** INPUT DATA follows **

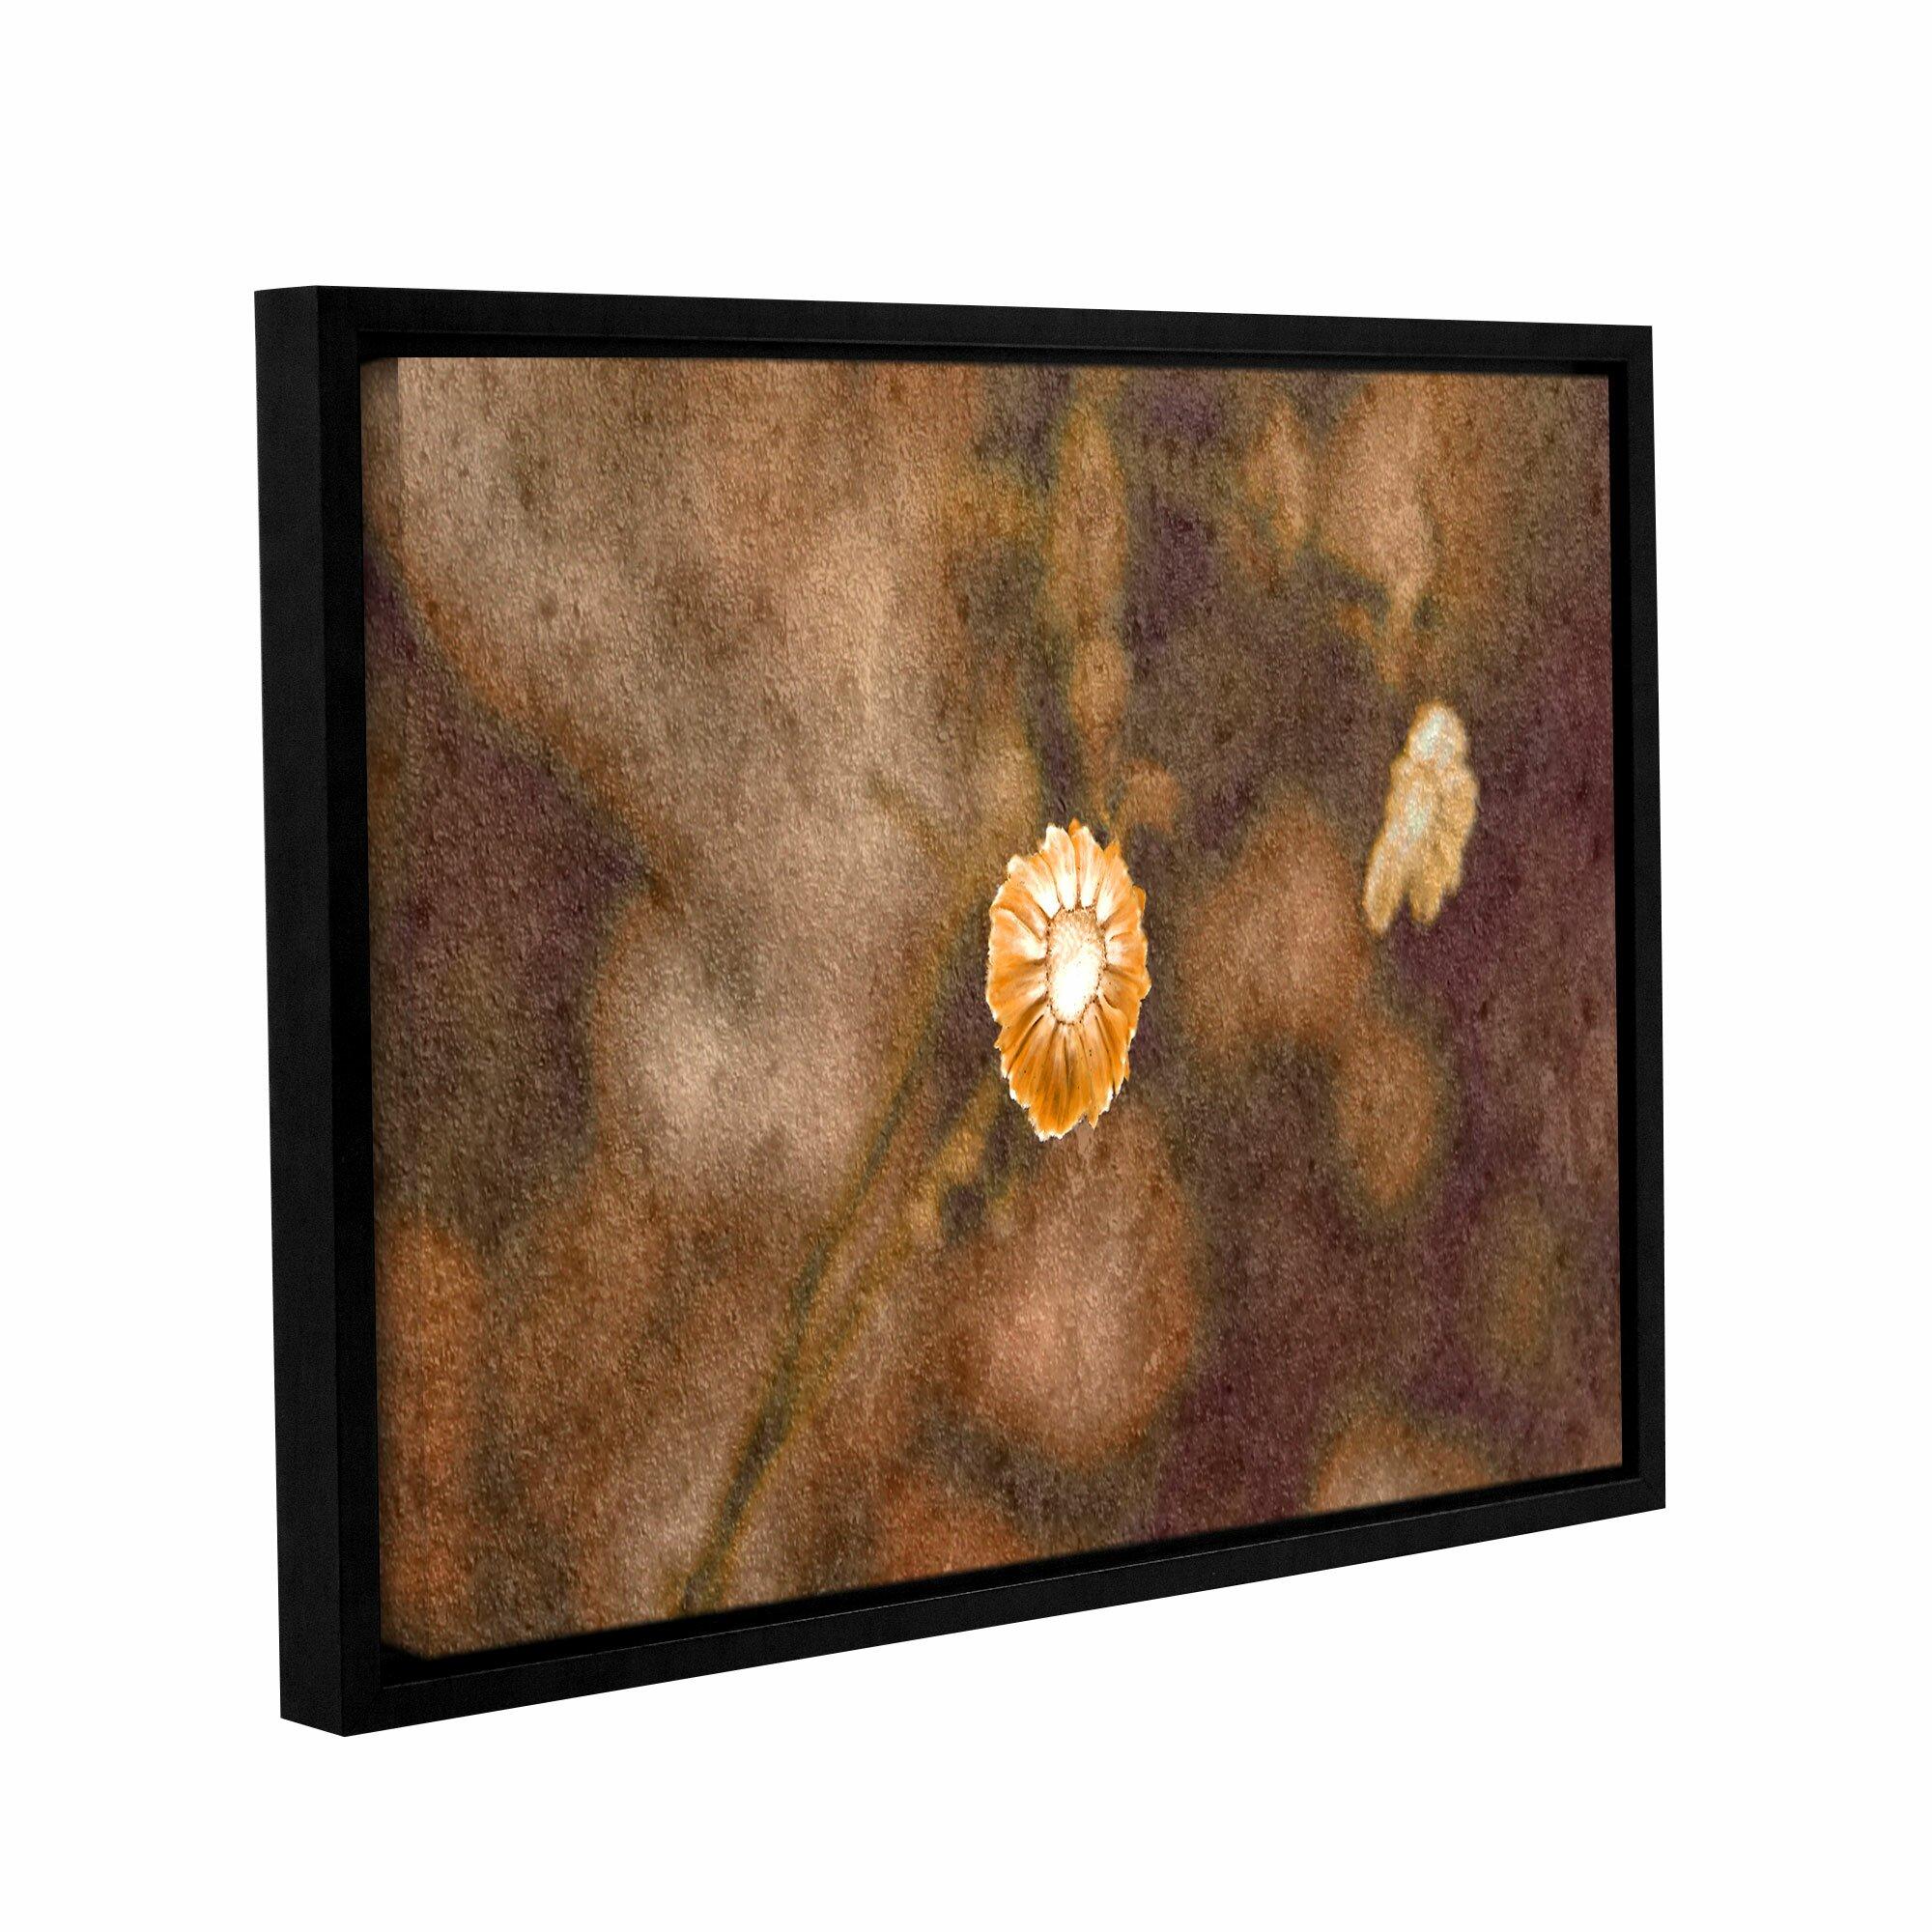 Wall Decor Ross : Center of attention by mark ross framed graphic art wayfair
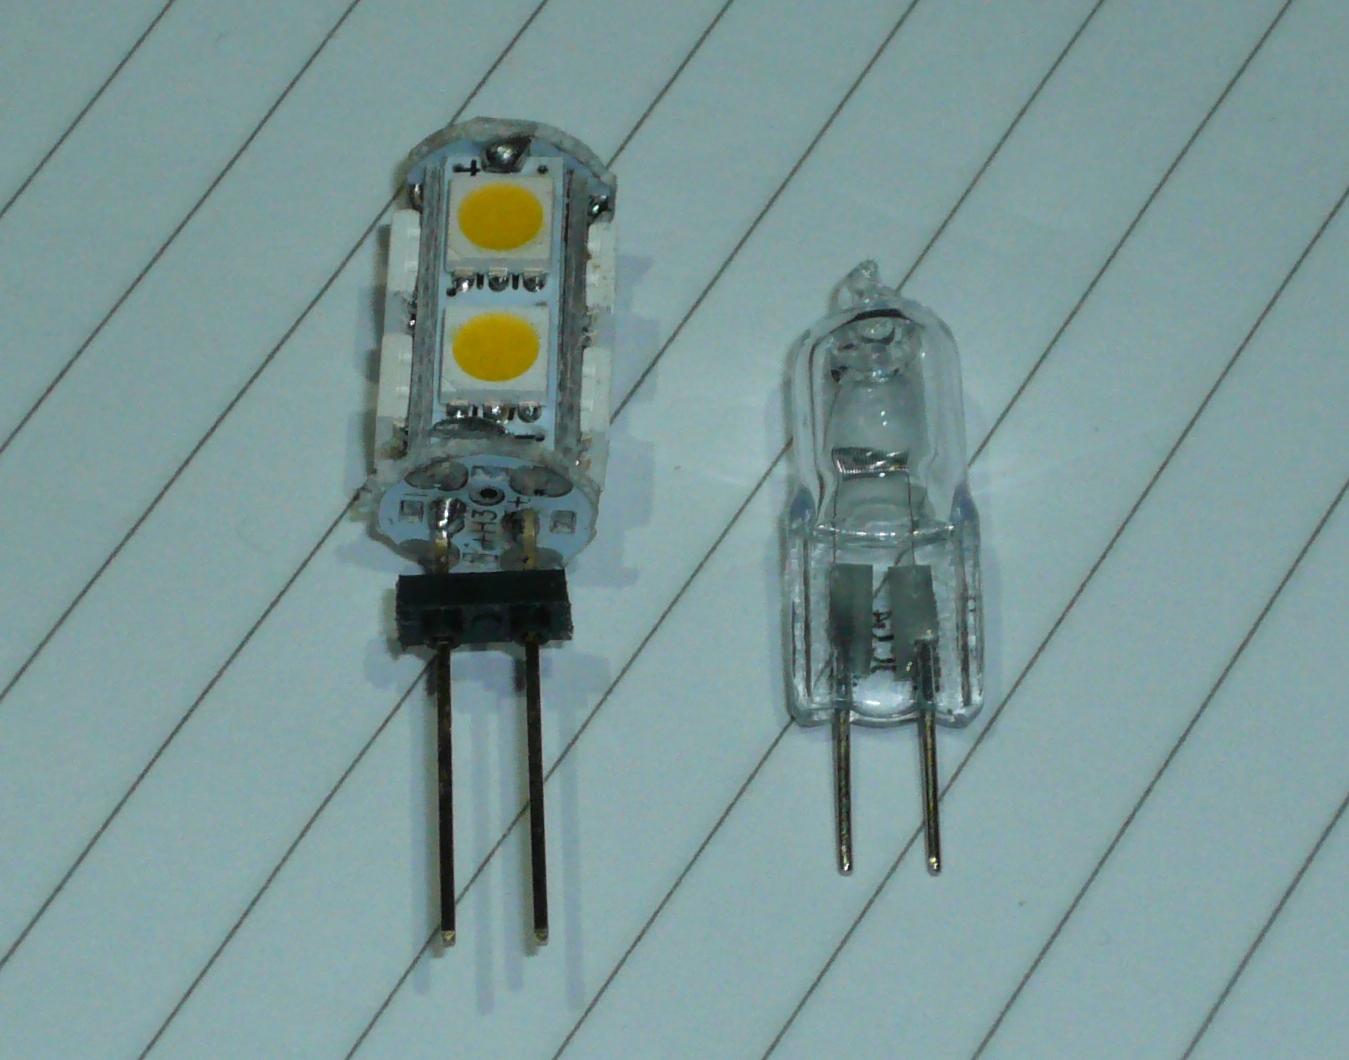 Led Halogen Bulb Diagram Wiring For A Tekonsha Trailer Brake Controller Making The Net Work Successfully Replacing
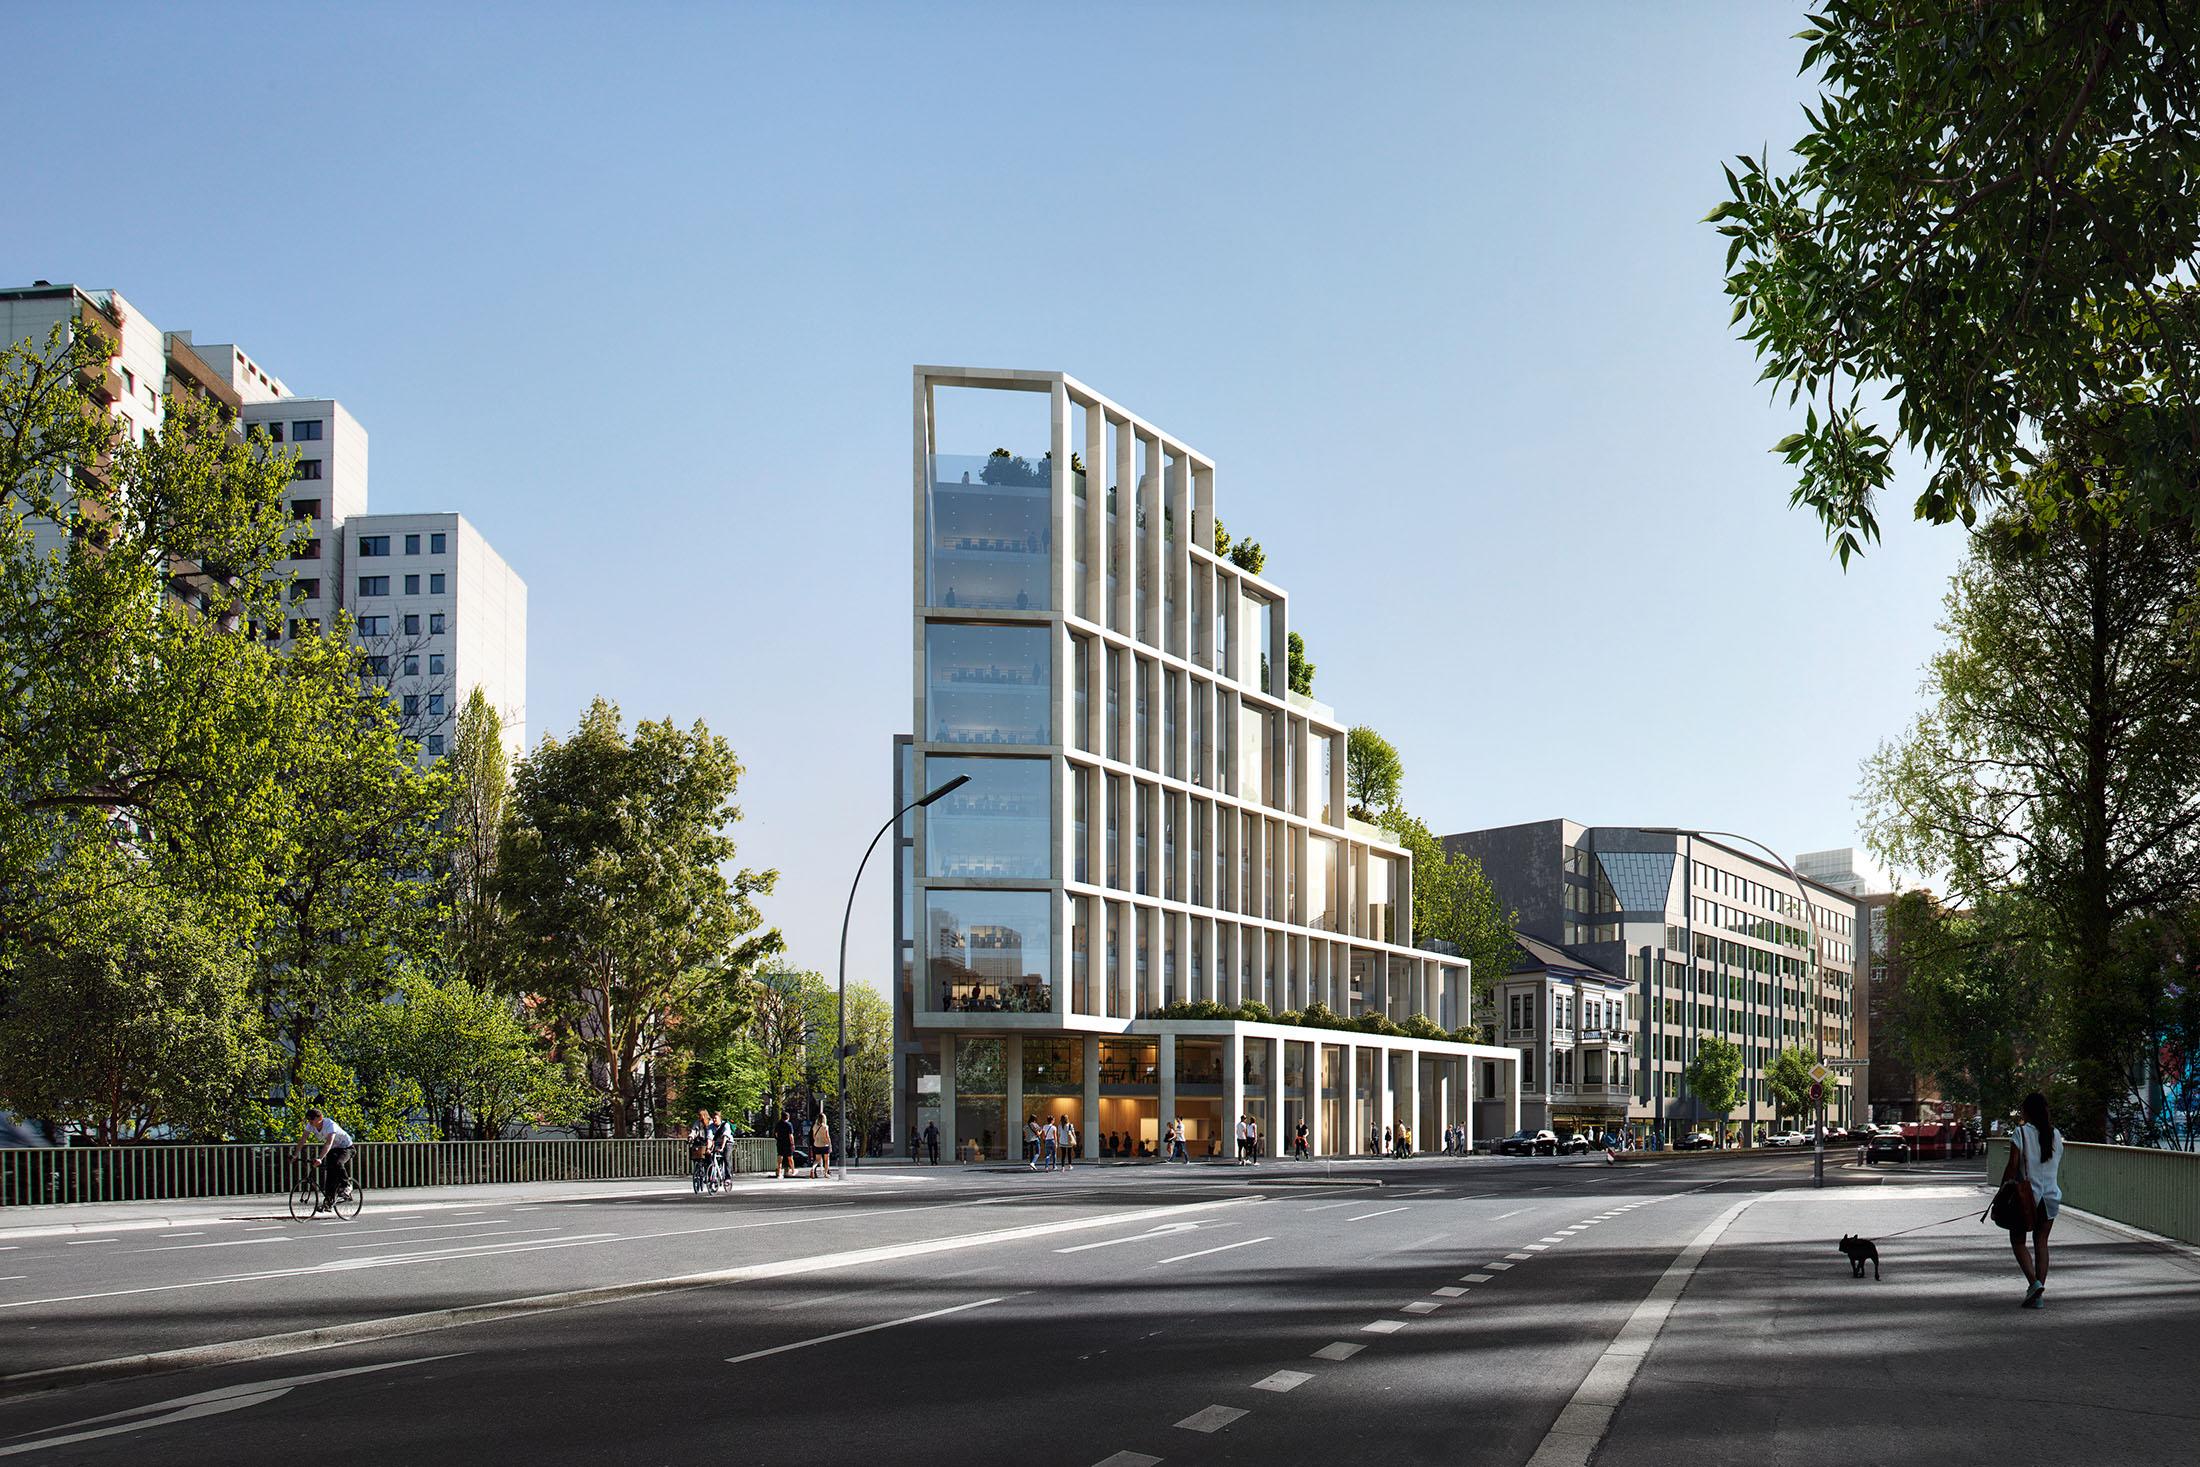 CF Moller, Berlin Hyp Bank Head Quarters, Germany, 2020

** End of INPUT DATA **

TASK OBJECTIVE:
Retype, exactly as written, each line from the one containing "Led Halogen Bulb" through the end of the data above, and leave out every picture.

WRITTEN RESPONSE:
 Led Halogen Bulb Diagram Wiring For A Tekonsha Trailer Brake Controller Making The Net Work Successfully Replacing
 CF Moller, Berlin Hyp Bank Head Quarters, Germany, 2020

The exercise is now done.